Лилиана вздохнула и активировала [Настроить], мягко наложив иллюзию на свое лицо, стирая темные круги и скрывая припухлость. Красноватые склеры медленно белели до белого цвета, а ее кожа снова приобретала желтовато-бежевый оттенок. К тому времени, когда она закончила, она выглядела как нормальная шестнадцатилетняя девушка, а не как та, которая провела ночь в ловушке кошмара, только чтобы проснуться в панической атаке, которая закончилась тем, что она серьезно пострадала от собственных рук.

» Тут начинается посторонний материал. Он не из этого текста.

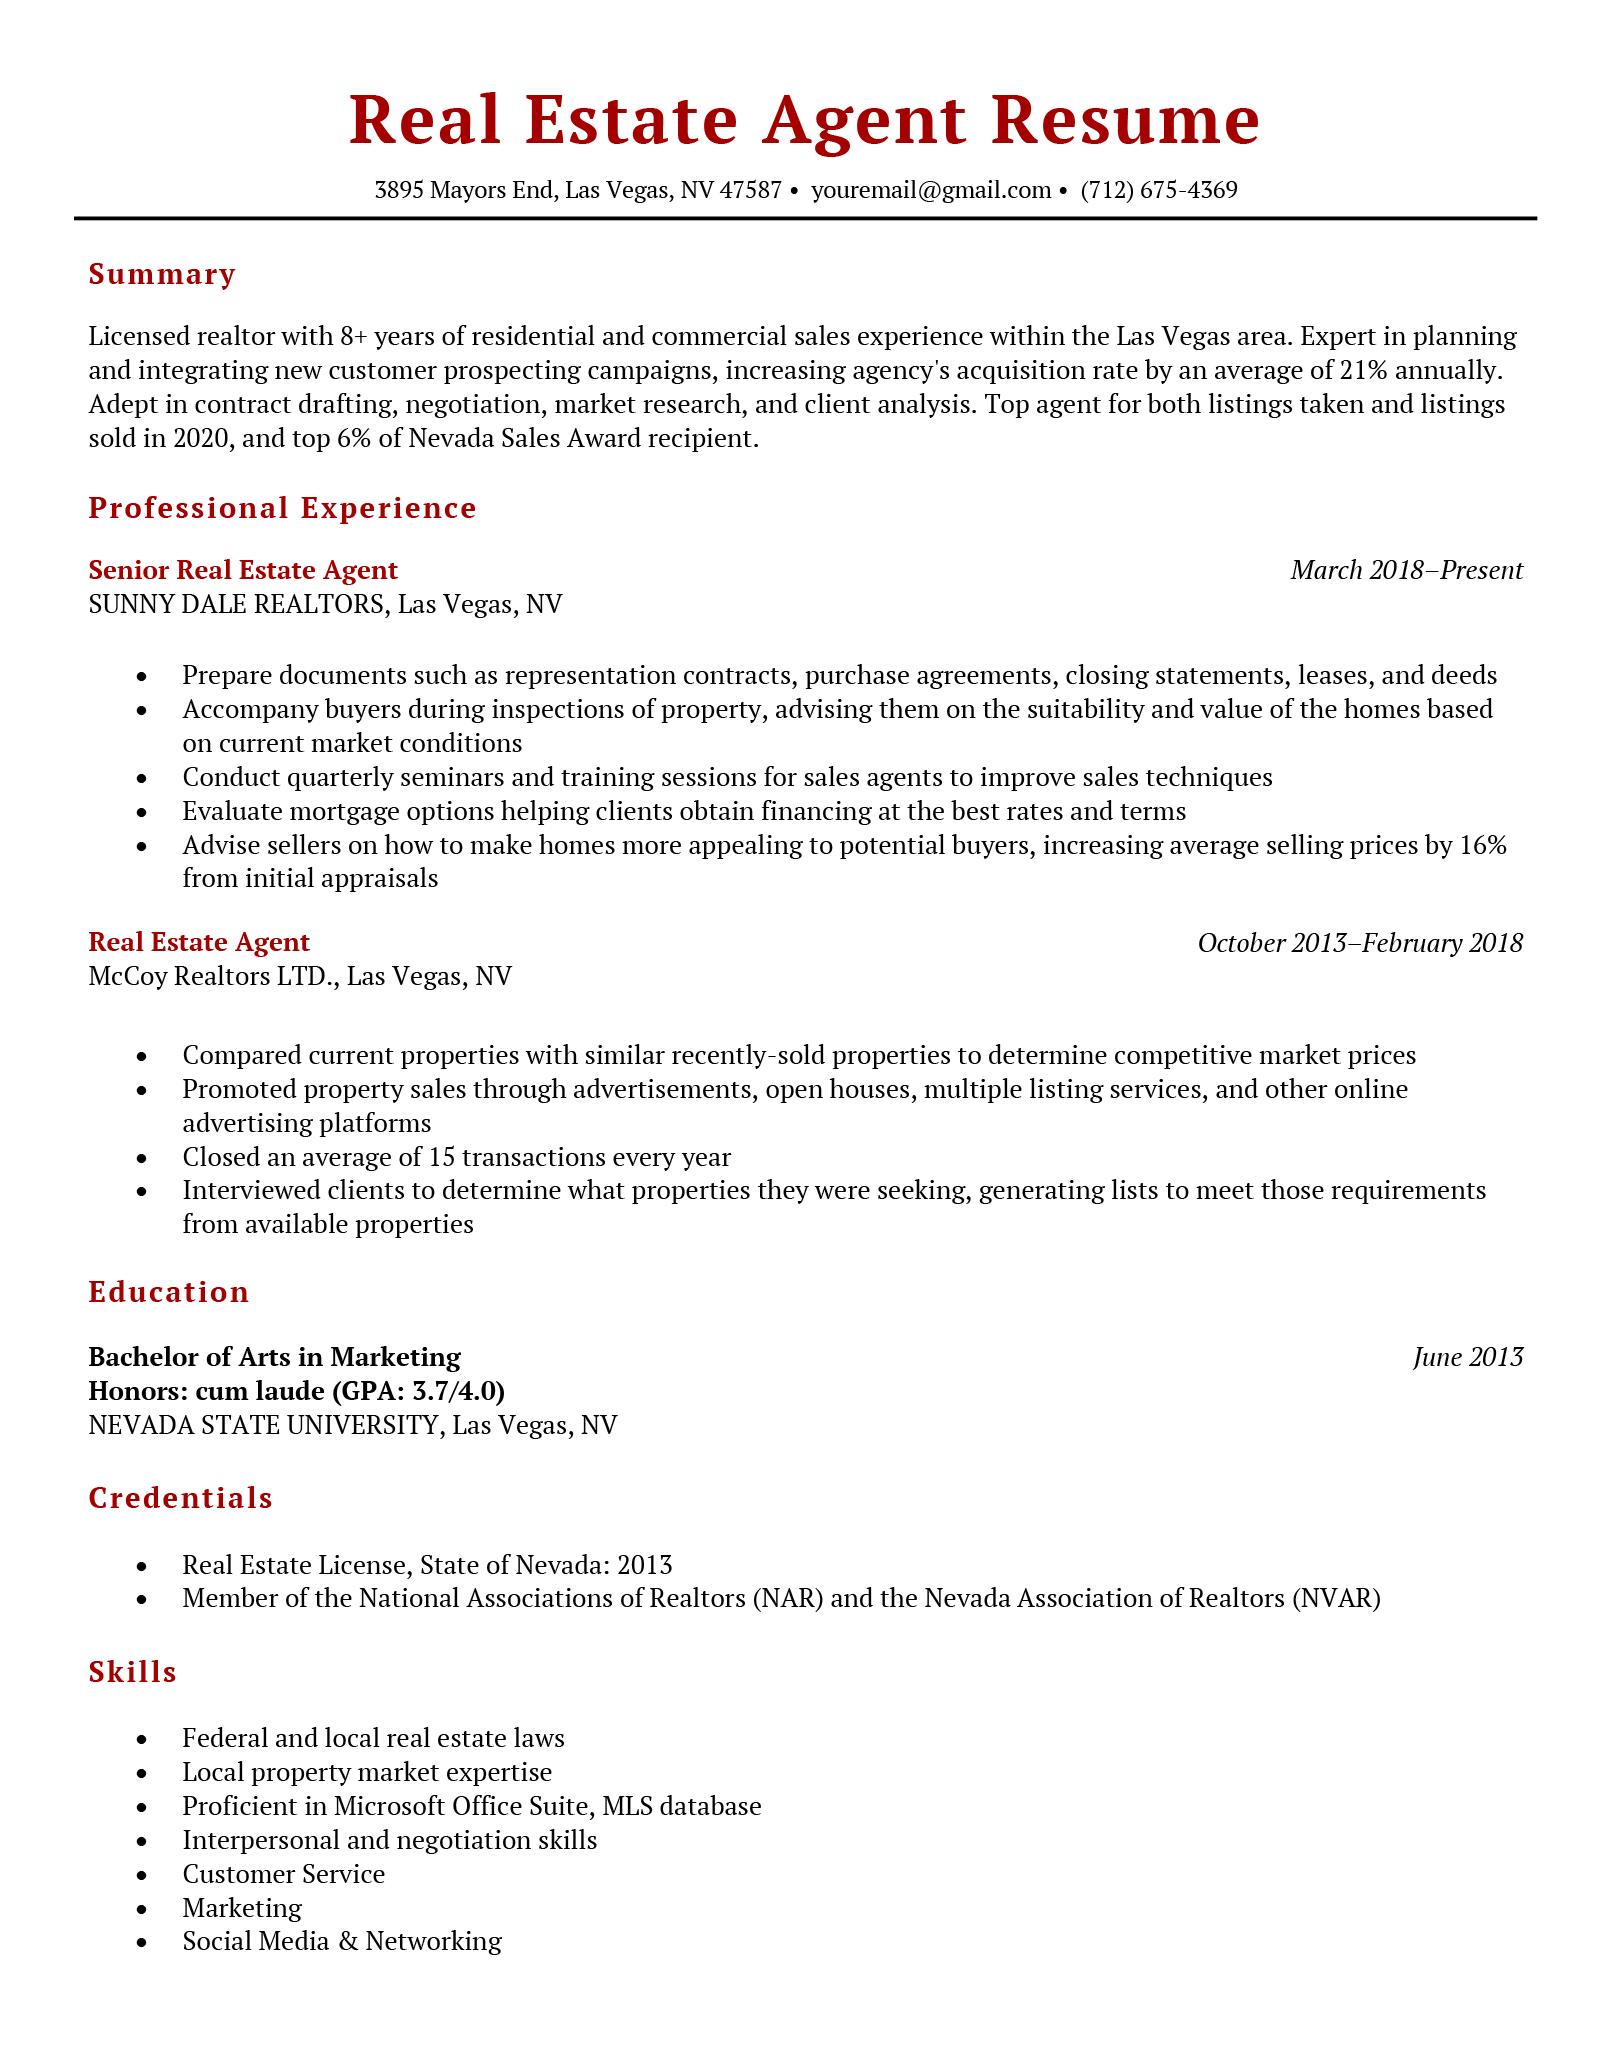 An example of a real estate agent resume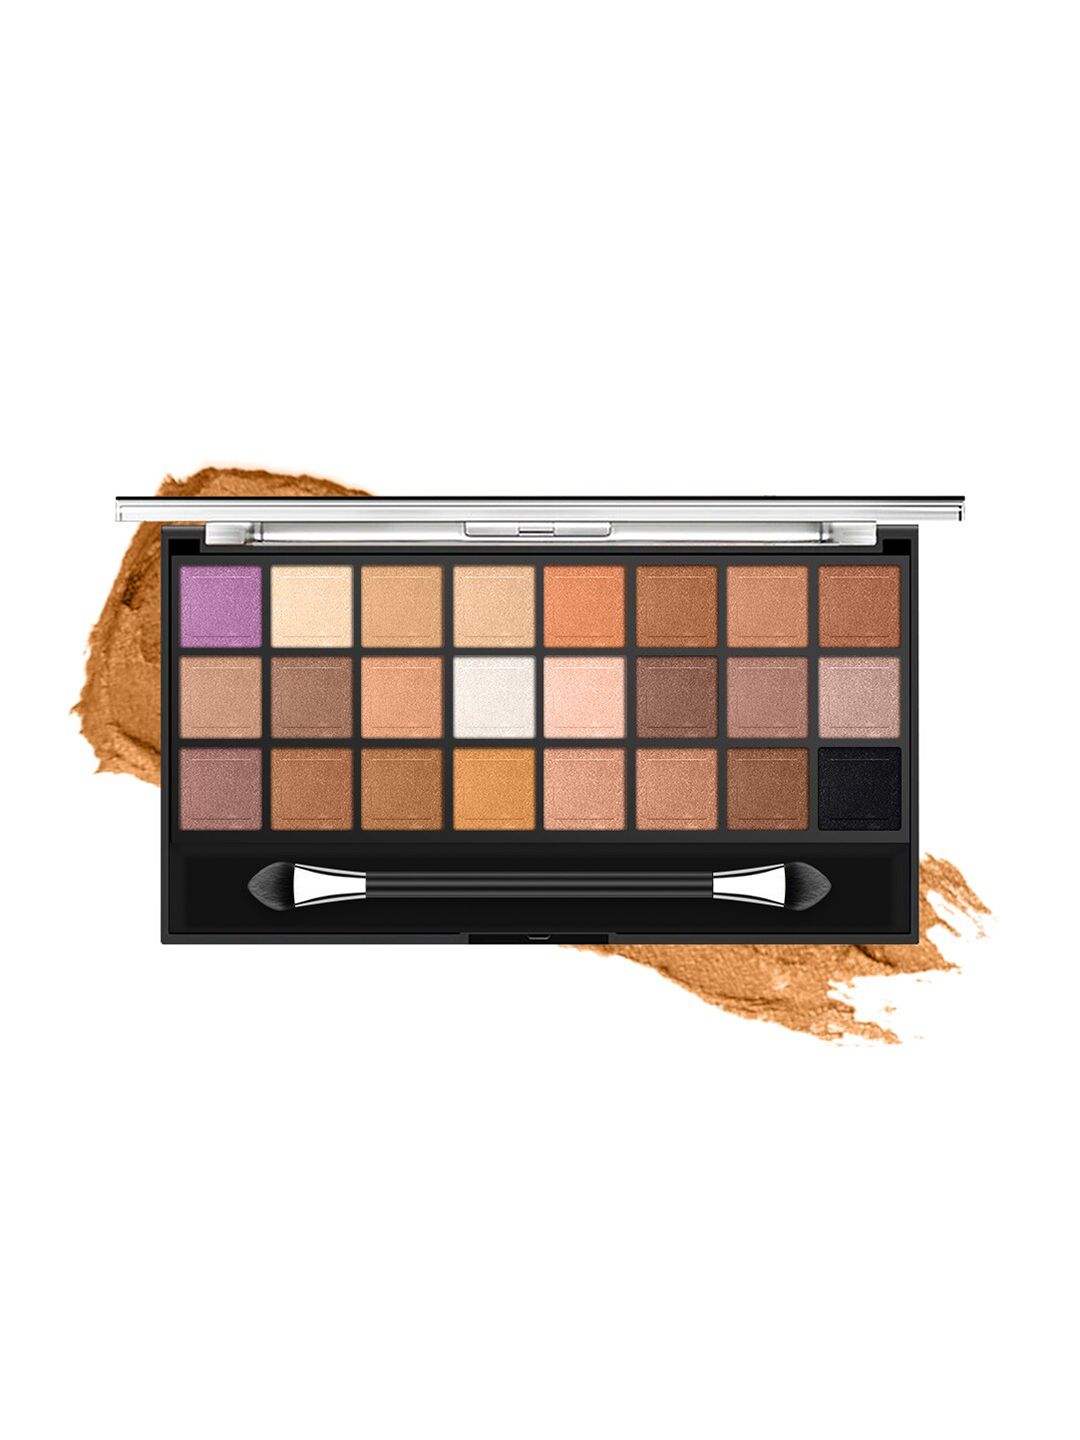 MISS ROSE 24 Color Matte Eyeshadow Palette 7001-071 NT01 Price in India

Лилиана вышла из ванной, собрав волосы в простой хвост, у нее не было сил на что-то более сложное. Она долго смотрела на письмо на своем столе, прежде чем схватить книгу со стола и устроиться на полу, прислонившись к Лелантосу. Поларис устроилась поперек ее ног, его вес успокаивал ее. Когда вдали взошло солнце, Лилиана тихо пересказала книгу по истории, которую читала вслух, своим связям, ожидая начала дня, изо всех сил пытаясь забыть, как все началось, запихнуть кошмары глубоко-глубоко вглубь.